Scientists Identify 117 Genes That Cause Type 2 Diabetes

New research from the University of Massachusetts Amherst helps identify genetic links to type 2 diabetes risk.

A large-scale study of diverse populations increases our understanding of type 2 diabetes.

According to the Centers for Disease Control and Prevention (CDC),  37.3 million Americans have diabetes. 95% of these people have type 2 diabetes, the most common type of diabetes.

Type 2 diabetes (also known as non-insulin-dependent diabetes or adult-onset diabetes) is caused by the body’s poor utilization of insulin.  This long-term chronic illness causes an excess of sugar to circulate in the bloodstream. High blood sugar levels may eventually cause cardiovascular, neurological, and immunological problems.

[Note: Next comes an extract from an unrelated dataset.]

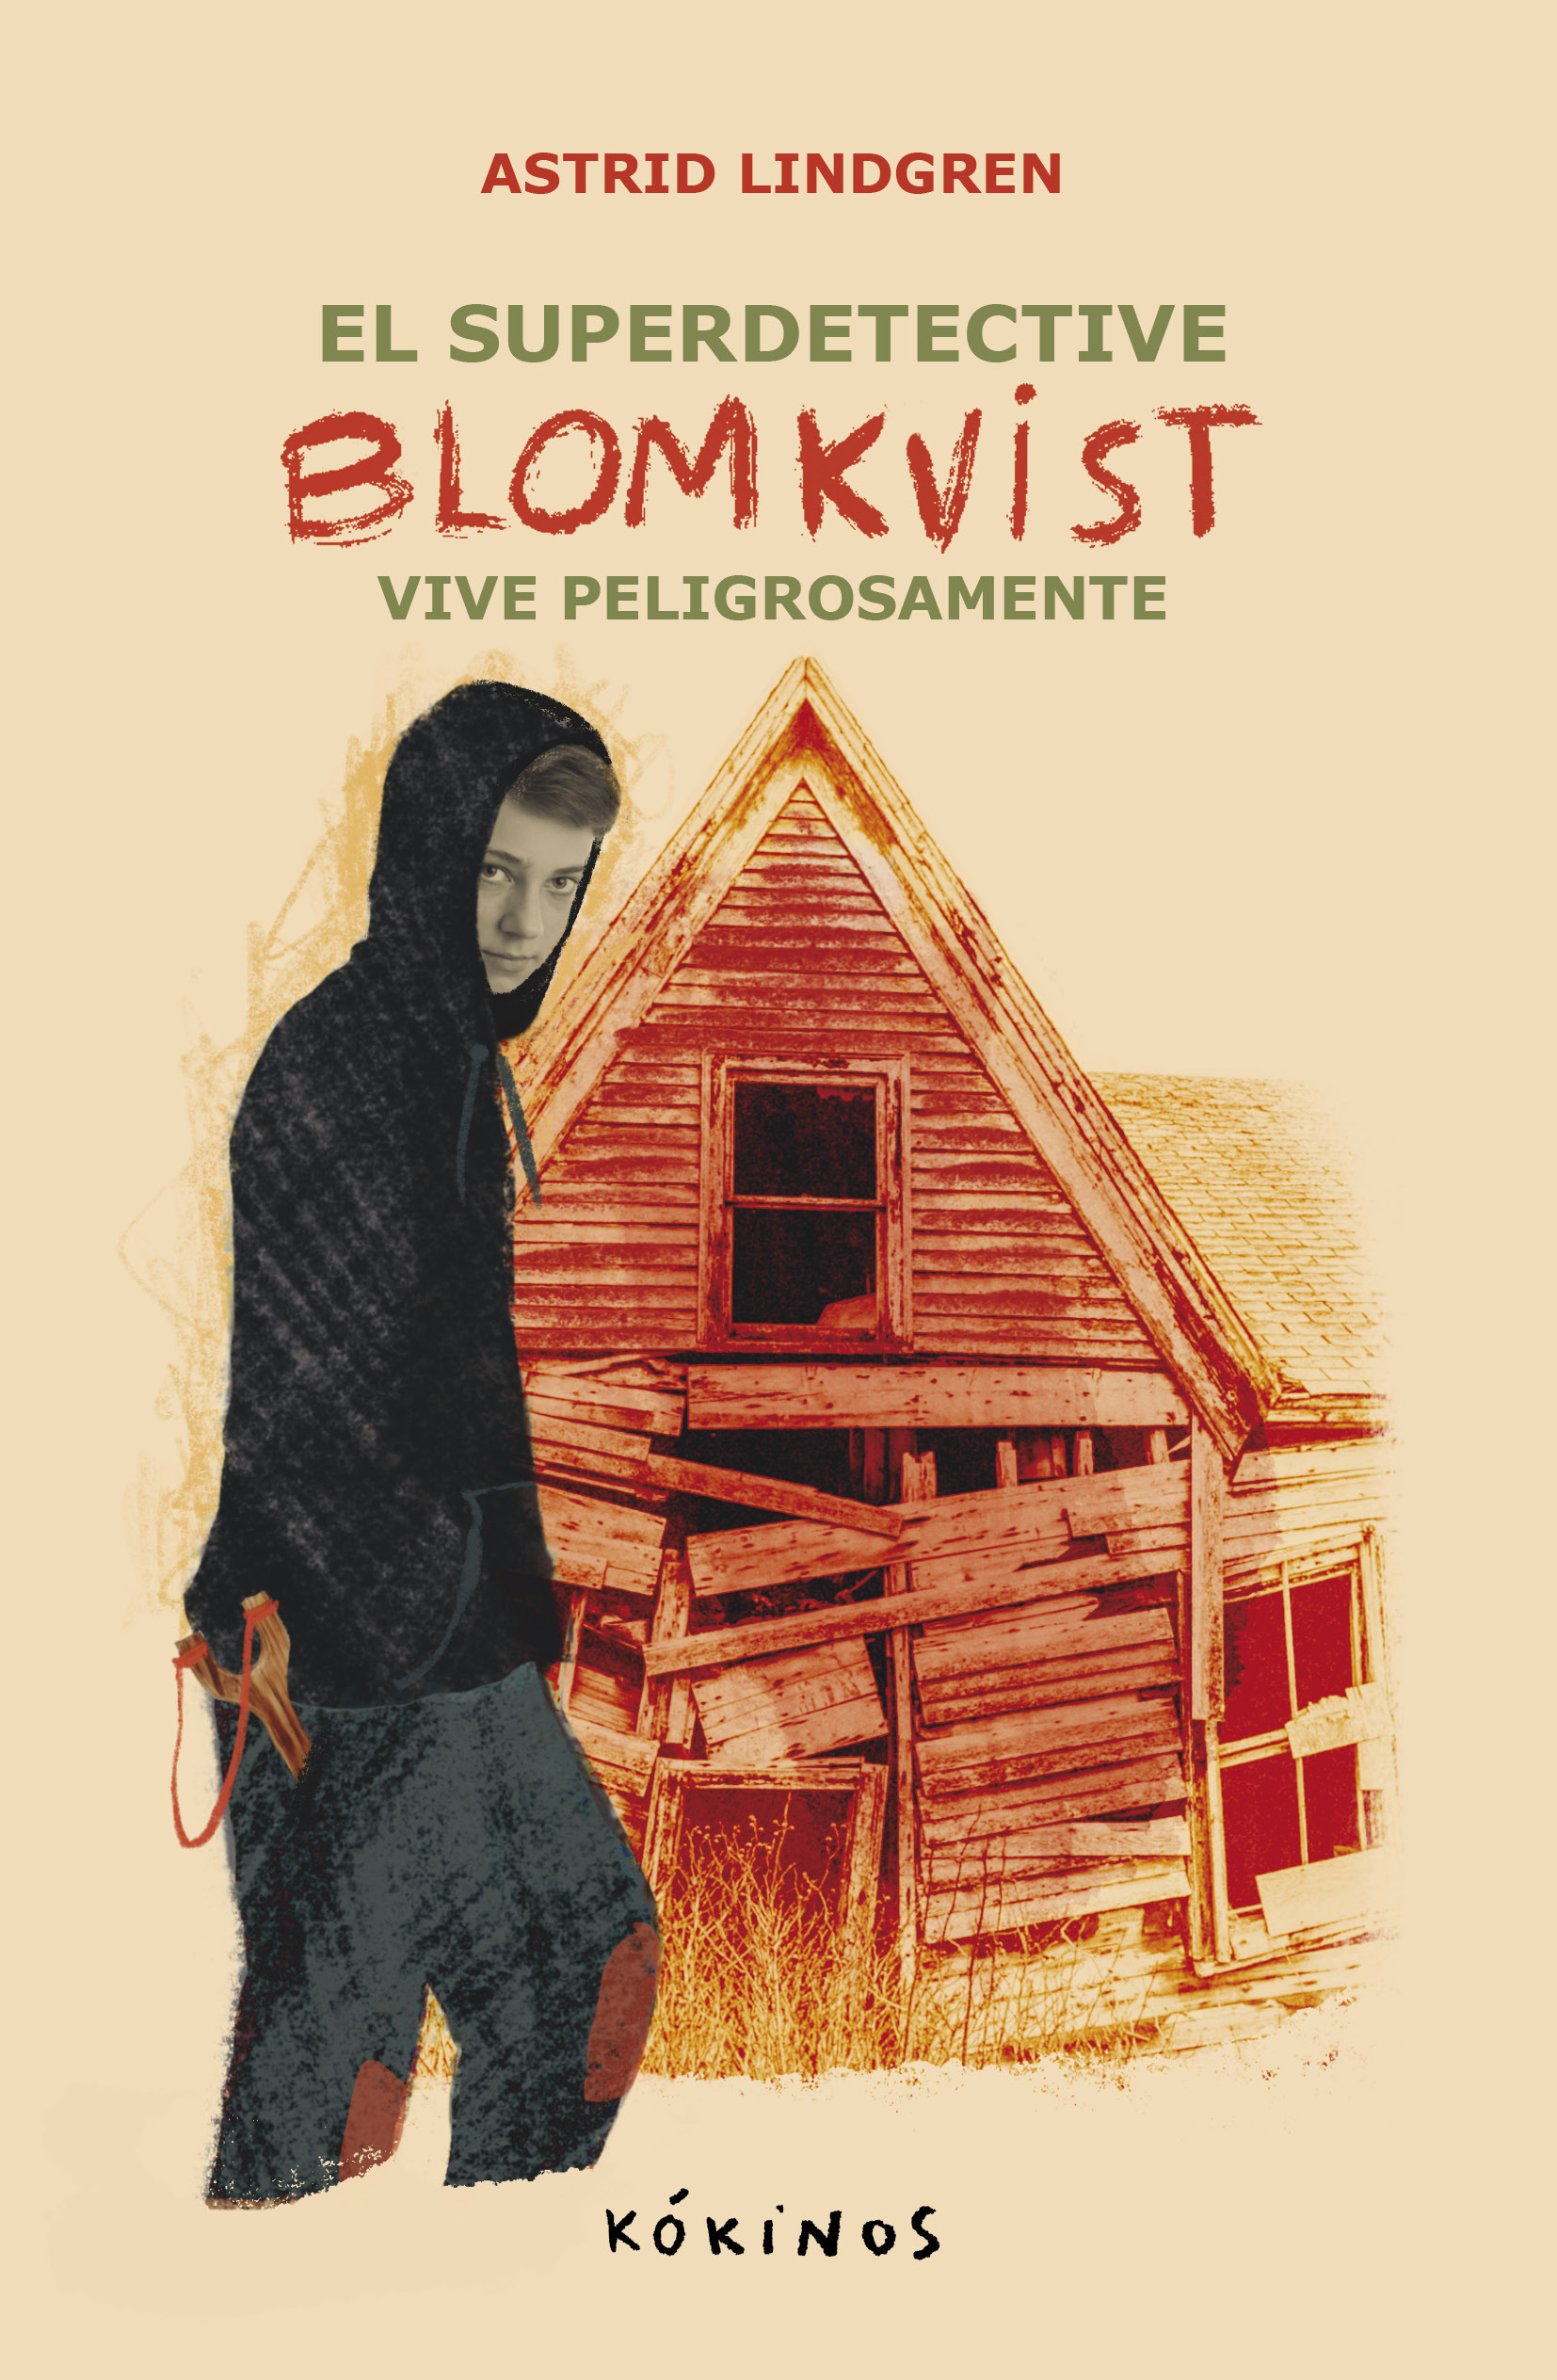 El super detective Blomkvist vive peligrosamente

Type 2 diabetes has no cure, although losing weight, eating healthily, and exercising can help you manage the condition. The exact of type 2 diabetes is unknown, however, researchers have recently found a genetic link to obtaining the disease. 

An international team of scientists, including a genetic epidemiologist from the University of Massachusetts Amherst (UMass Amherst), is conducting an ongoing study in diverse populations throughout the globe, which has revealed new important insight into how genes contribute to type 2 diabetes.

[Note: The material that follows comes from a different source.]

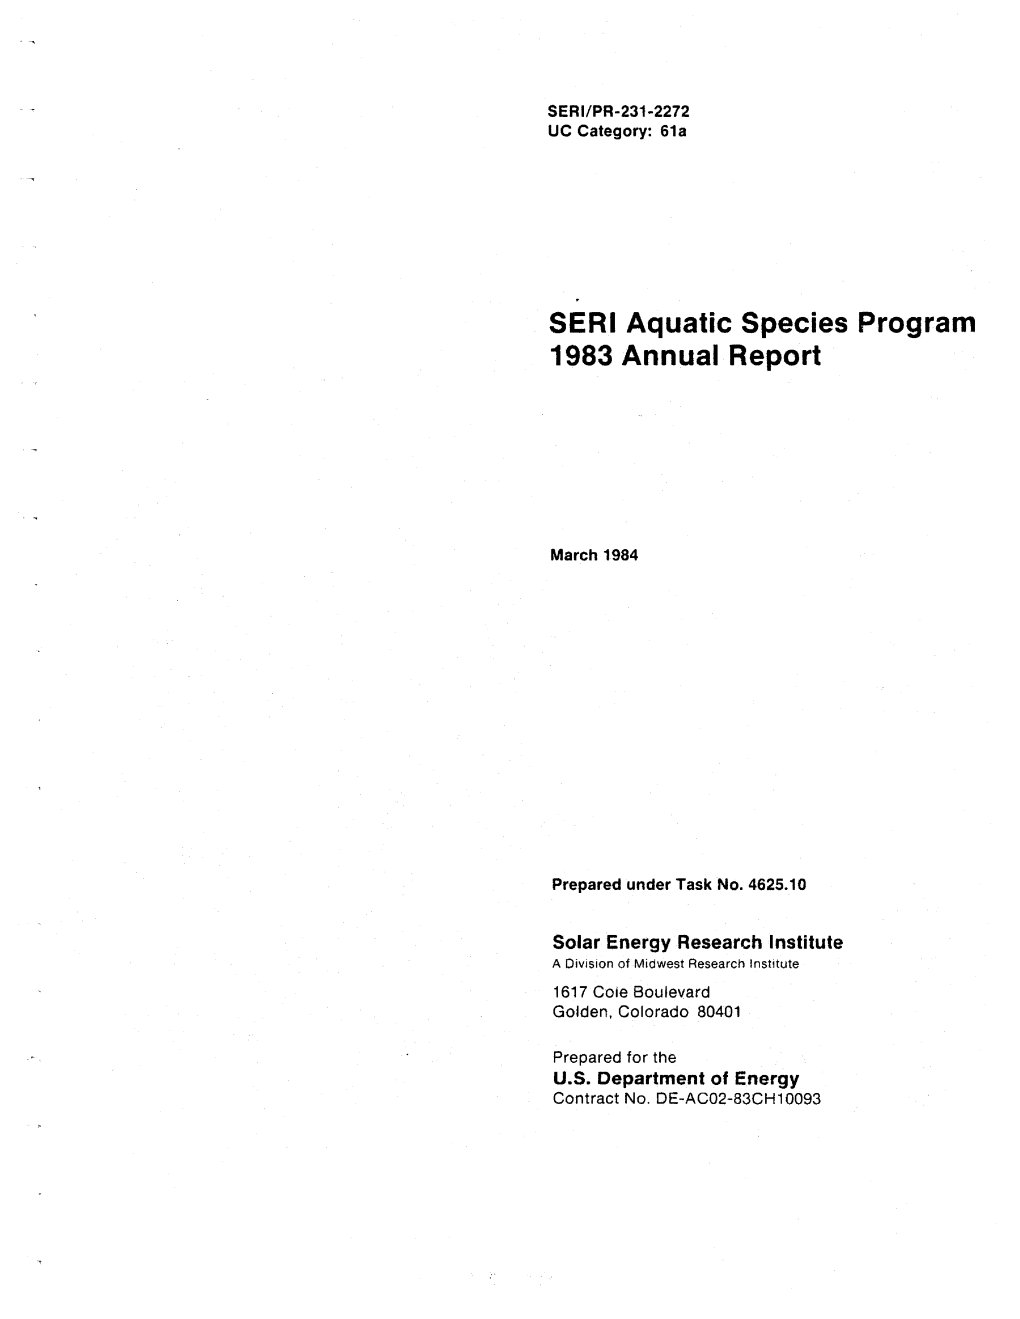 SERI Aquatic Species Program: 1983 Annual Report

The study was published on May 12th, in Nature Genetics. “Our findings matter because we’re moving toward using genetic scores to weigh up a person’s risk of diabetes,” says co-author Cassandra Spracklen, assistant professor of biostatistics and epidemiology at the UMass Amherst School of Public Health and Health Sciences.

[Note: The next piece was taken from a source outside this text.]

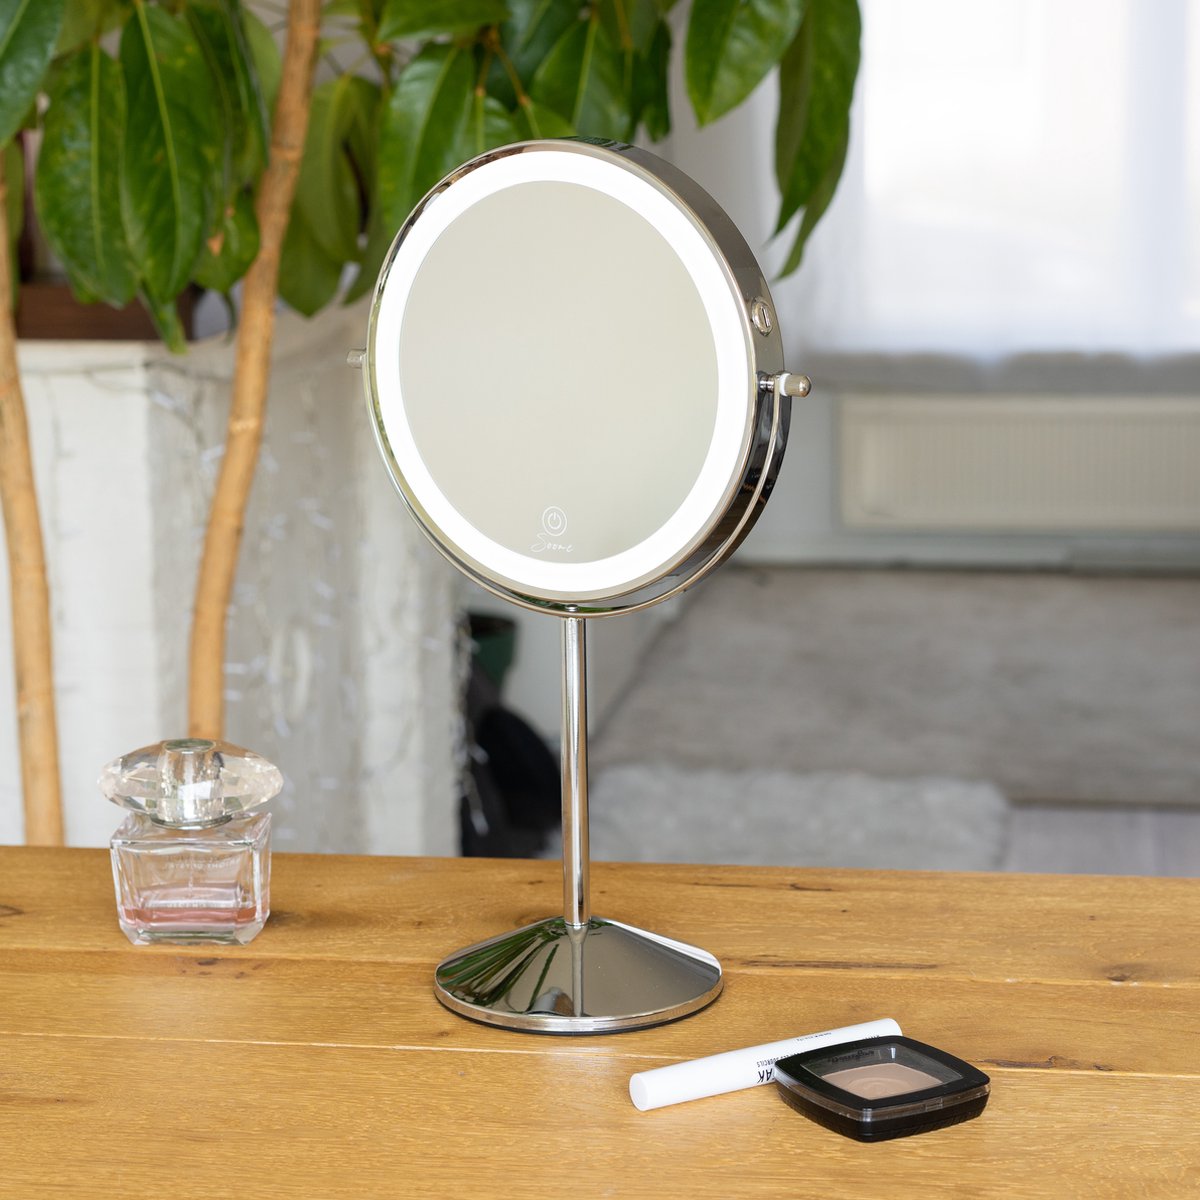 Soome Valo make-up led spiegel - 10x vergroting

Cassandra Spracklen is an assistant professor of biostatistics and epidemiology at the UMass Amherst School of Public Health and Health Sciences. Credit: UMass Amherst

Andrew Morris, professor of statistical genetics at the University of Manchester, and University of Oxford professors Mark McCarthy and Anubha Mahajan co-led the DIAMANTE (DIabetes Meta-ANalysis of Trans-Ethnic association studies) Consortium’s meta-analysis of 122 different genome-wide association studies (GWAS).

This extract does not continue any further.